К полудню, как к счастью, лёд подтаял напротив омута, и столпившись подле небольшой полыньи, как у окошка, рыбам сделалось мало своей пары глаз, и непросохшего воздуха недоставало тоже. Окрест случившегося тут же облачка пара, вскоре уж ничего нельзя было разобрать, – ни сочувственно кивающих головой вишен, ни белого наряда приодевшейся к зиме сосны, ни радостного смятение синиц.

 

И промеж всей той суеты, сам собой родился вдруг вопрос, – станут ли после торопить рыбы стеклильщика или тихо обождут, пока он заявится к ним сам? Как знать. А то бы и вовсе не приходил, и так сойдёт.

Гайно

Хороша барынька… В валенках, шерстяной красной юбке, да белой опрятной душегрейке, кокетливо выпростанной из-под ворота рыжей шубки, а по-над платком – язычки тёплого пламени кудряшек, торчком. И вот, – такой весёлый, беззаботный, девичий вид, а туда же, – бегает взад-вперёд, хватается то за одно, то за другое, суетится. По хозяйству ли, иль по неуспокоенности своей, либо из неумения повременить с тем, что и так сделается само.

Хоть и легка на вид белка, но гнутся под нею мелкие ветки, а прыгнет, – будто кто несёт её бережно в невидимой горсти. От ствола к стволу перелетает чуть не птицей, – легко и мягко, грациозно, но вместе с тем, как-то обыденно, так, между прочим, привычно и неосторожно. Настороженно поглядывает лишь на неведомый, сторонний звук, либо сторожкий45 шаг в её сторону. Да и то, ума отмерив, – остановит минутку, замрёт, ручки на груди сложит, присмотрится хорошенько, и уж сразу всё поймёт: бежать ей без оглядки, путая следы и роняя по дороге, чем богата, или наряд свой подправить,– пусть любуются, коли надобно кому.

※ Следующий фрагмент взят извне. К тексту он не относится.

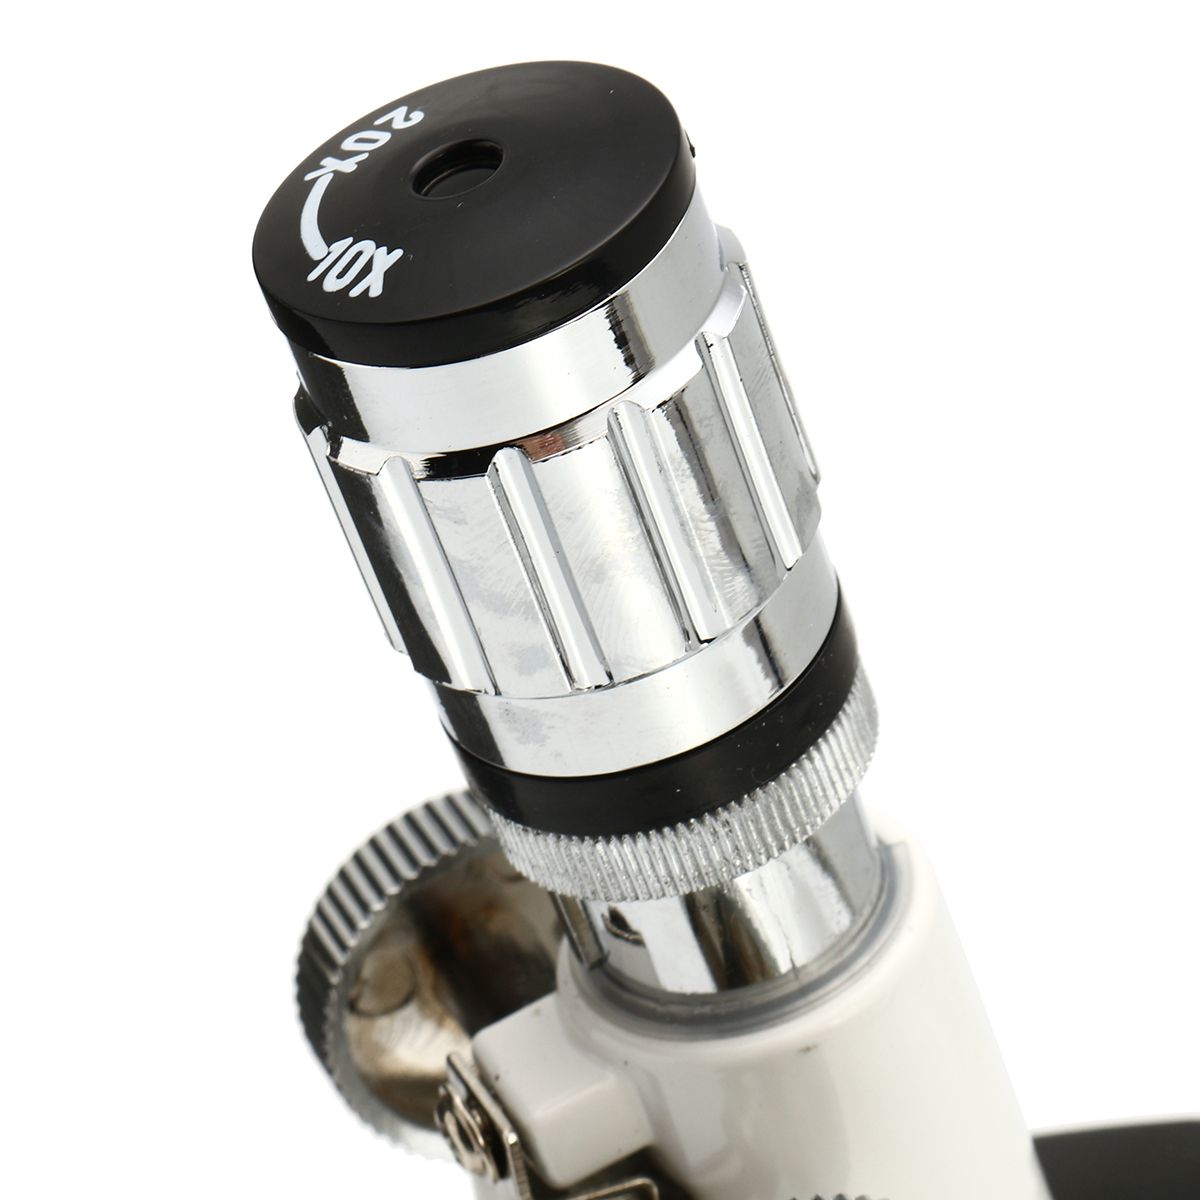 Zoom-Microscope-Kit-Lab-400X-600X-1200X-Magnification-Beginner-For-Kids-Students-1332822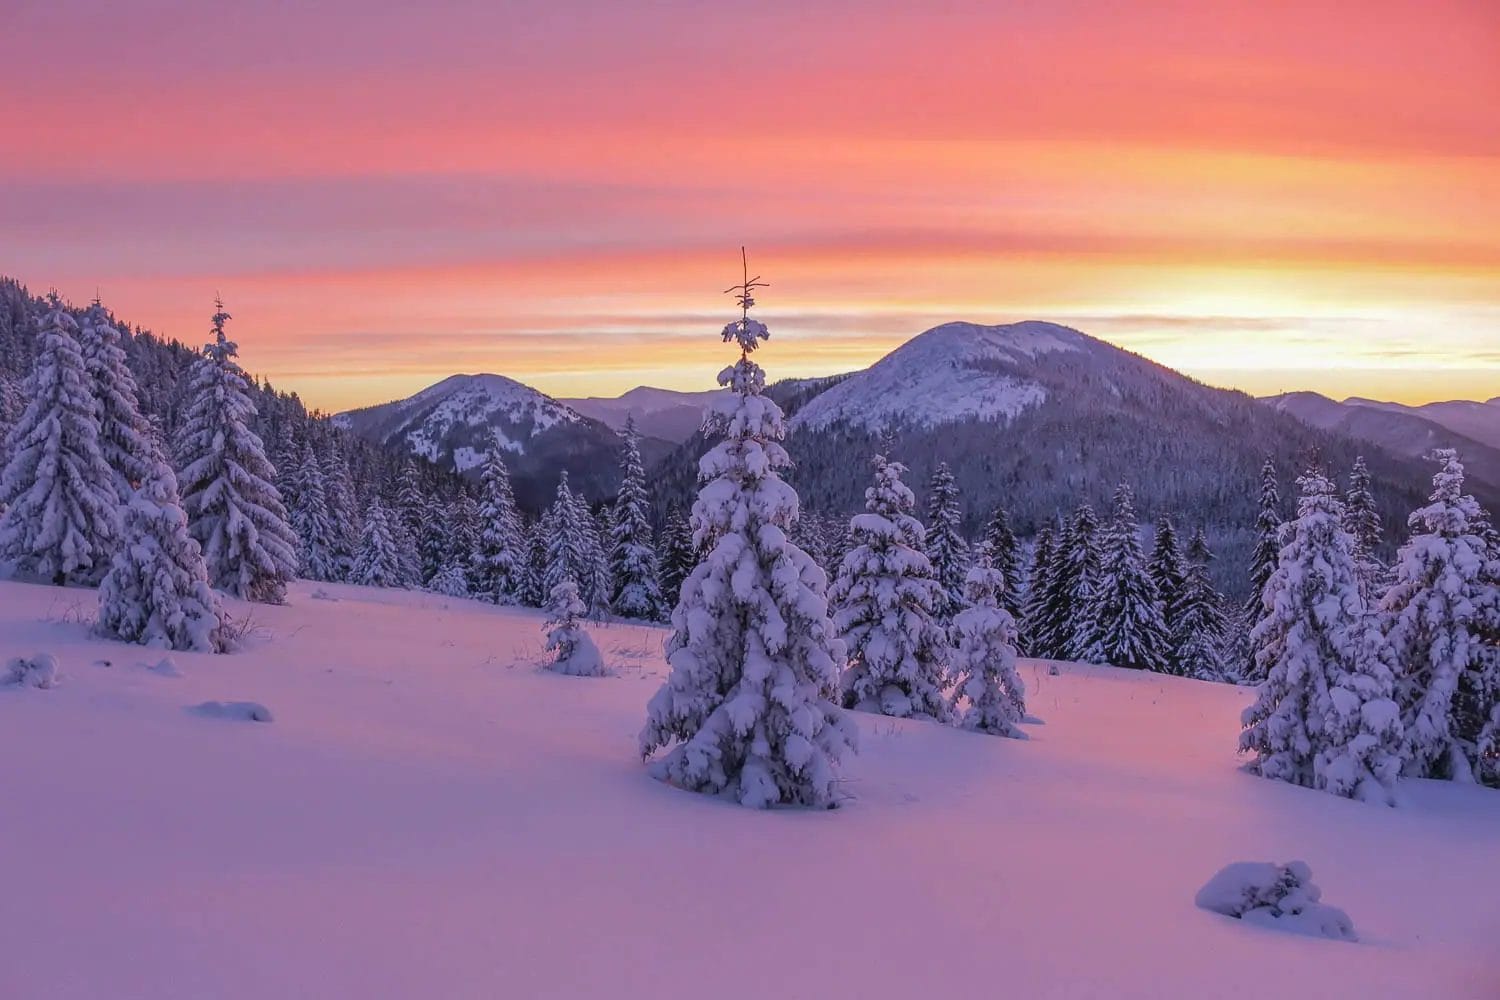 A serene winter sunrise over a snowy landscape with snow-covered trees.

Хлопот у мыси46 – на дюжину гнёзд. Коли птичьи, – то так только, снимает, на праздники или под охотничий домик, а ежели подглядеть в замочную скважину дупла, её настоящей квартиры, то там уж и сухо, и не прольётся оттуда ни капли тёплого духа холодного лета. В зиму, оборотистые поползни сдают белке свои ветхие, уже ненужные гнёзда. Но они таковы, что часто прилетают посмотреть, всё ли ладно, не изломал ли чего квартирант, не попортил, да чтобы точно съехал к февралю. И тем мешаются, ибо стучатся в двери по надобности любой, суют остриё любопытных носов, куда не след.

Но белка, хоть и проста да легкомысленна с виду, не позволит случиться сглазу, ни по хорошУ, ни по плОху. Мать она своим детям, прячет их в длинном вязанном чулке из сосновых игл и прочной пахучей нити смолы. Дремлют голыши безмятежно, попивая сладкое голубоватое молочко, да нежась в парах хвойных ванн… А уж как обрастут шёрсткой, заматереют и разбегутся из дому, кто куда. Такова жизнь.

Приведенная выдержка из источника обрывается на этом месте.